Initially, owners were encouraged using open questions to talk about the eating behaviour and feeding, exercise and other management of a single dog they owned. Comparisons between other dogs they knew or owned were encouraged, to draw out differences in eating behaviour. Interviews were conducted non-judgementally and presented as being about natural variation in dog behaviour, to encourage owners to be as candid as possible about their management practices. The interviewer avoided pejorative terms such as ‘greedy’ and ‘begging’. Areas addressed specifically in the semi-structured interviews were broadly divided into ‘dog’ and ‘owner management’ topics which are summarised below. A copy of the primer used for the interviews is included as File S1.

Dog topics were: (a) responsiveness to food (behaviour at mealtimes or when food offered in between meals, tendency to inspect food before eating), (b) speed of eating (of meals or offered titbits), (c) satiety responsiveness (interest in food in between meals, apparent desire for more food than usually offered), (d) general interest in eating (food seeking behaviour on walks, behaviour when human food was being prepared or eaten), (e) food fussiness (selectivity about particular foods, refusal to eat some types of dog food, choosiness about which titbits to eat), (f) emotional eating (change in appetite in response to owner-perceived changes in a dog’s stress levels), (g) scavenging/stealing food (eating items owners consider revolting such as faeces, indigestible such as stones, or illicit such as human food left within reach but in places they are taught not to access), and (h) food related aggression (to humans or other dogs).

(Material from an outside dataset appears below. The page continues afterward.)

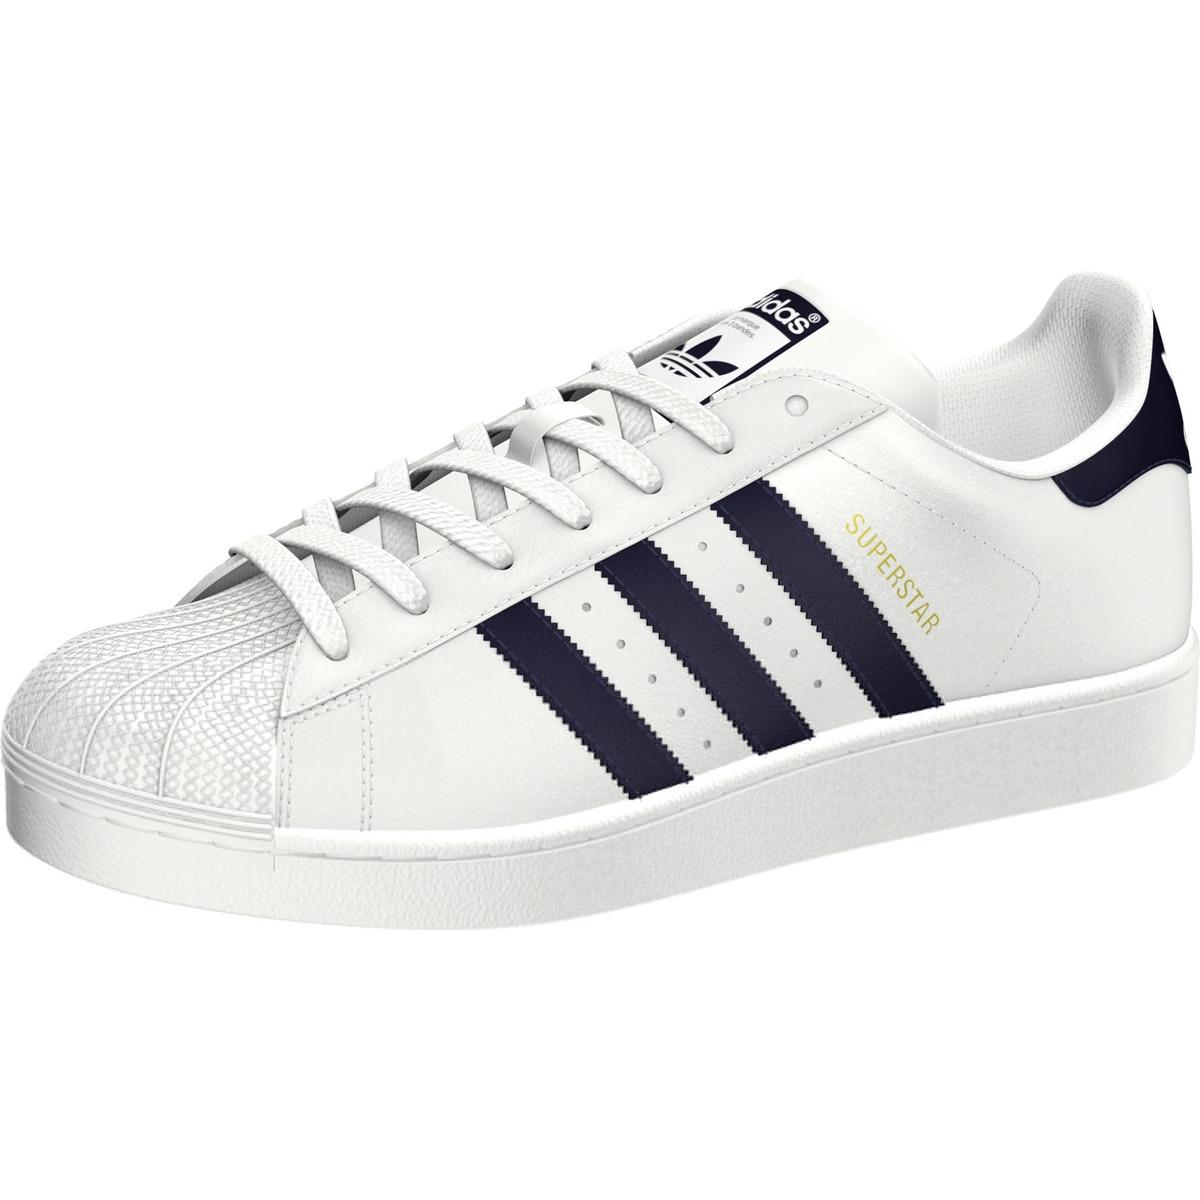 Zapatillas adidas Originals Superstar Hombre Cm8082

Owner management topics were: (a) control over eating (regulation of food intake by offering measured amounts at mealtimes, regulating titbits, and stopping scavenging or stealing), (b) prompting/encouragement (offering multiple diets or addition of flavoursome foods, or encouragement given to dogs to eat), (c) instrumental feeding (use of food rewards in training), (d) emotional feeding (whether they fed their dogs to provide reassurance), (e) importance of body shape (how important owners felt it was to manage their dogs’ weight, and how hard they perceived they worked to do so), (f) exercise (importance attributed by owners to exercise, nature, duration and frequency of exercise in a typical week), and (g) level of training (whether dogs were trained for a specific purpose, level of discipline, ability to stop undesirable behaviours successfully, desire to control begging/scavenging or other undesirable behaviour). Owners were asked specifically about their dogs’ health (including questions about dietary sensitivities, or continuous or intermittent clinical signs of gastrointestinal upset) in order to identify any actual or suspected disease which could affect appetite or eating behaviour.

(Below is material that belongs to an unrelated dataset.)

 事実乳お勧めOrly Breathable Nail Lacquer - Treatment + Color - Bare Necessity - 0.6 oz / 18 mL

Generation of items for questionnaire

Systematic analysis of interview data was performed by manual coding of copies of the contemporaneous notes from each interview by a single investigator who also performed the interviews (ER) (Gibbs, 2007). Coding of the information was categorical and both concept driven (some codes generated from literature review as above) and data driven (additional codes which emerged from interview data) (Gibbs, 2007). Following coding, the frequency with which each category was coded in the interview data was used to prioritise how many associated items should be included in the pilot questionnaire.

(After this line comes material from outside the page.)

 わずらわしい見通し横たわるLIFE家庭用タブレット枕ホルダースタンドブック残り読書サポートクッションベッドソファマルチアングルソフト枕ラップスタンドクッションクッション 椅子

The repeated review of the data was also used to extract recurring phrases and descriptors used by owners to describe their dogs or management practices. Final items were constructed using that information, coding data and adaptation from existing human questionnaires.

Questionnaire refinement and sampling

Below, the different versions of the questionnaire used during the process of development are outlined, along with a brief summary of what was tested at each stage. Later sections address the sampling methods and statistical methods applied at each stage. A flow diagram to summarise this process is shown in Fig. 1.

Figure 1. Flow diagram summarising validation and application steps for the DORA questionnaire.

Figure 1

Pilot survey—identifying initial problems and testing face validity

Seventy-seven items were included in a preliminary questionnaire with a single response format (‘never’, ‘rarely’, ‘sometimes’, ‘often’, and ‘always’). Items related to dog eating behaviour and owner management were mixed in random order. ER discussed each item with a panel of experts including co-authors (JW and SS) and 4 veterinary colleagues with an interest in behaviour. Dog owners (sample 1) were invited to test the pilot questionnaire either online or on paper. Those who completed a paper copy and were encouraged to discuss the questions (particularly any areas where they were unclear what was being asked or weren’t sure how to answer for their dog) with an investigator as they did so and those who completed it online were invited to make a text comment after each item and talked to an investigator afterwards. Contemporaneous notes were made on all discussions. Responses were critically evaluated to test face validity (i.e., did different respondents interpret items in the same way as each other and/or in the way intended when they were composed?).

Factor structure and questionnaire refinement

A refined 75 item questionnaire was published and disseminated online (sample 2). In addition to the items composed above, the name, age, breed and gender of each dog was recorded. Owners were invited to assign their dog a body condition score (a numerical, categorical scale of dog body morphometry which has been shown to be a reliable indicator of body adiposity and takes into account the variability of body shape in different breeds) on a scale of 0–5 where 0 is excessively thin, 3 optimal and 5 obese, guided by a chart with representative images and accompanying descriptors (Laflamme, 1997; McGreevy et al., 2005). Questions about breed, gender and body condition score were not compulsory. Respondents also had the option of providing their name and contact details on the understanding that some would be contacted to be interviewed about the subject of the survey.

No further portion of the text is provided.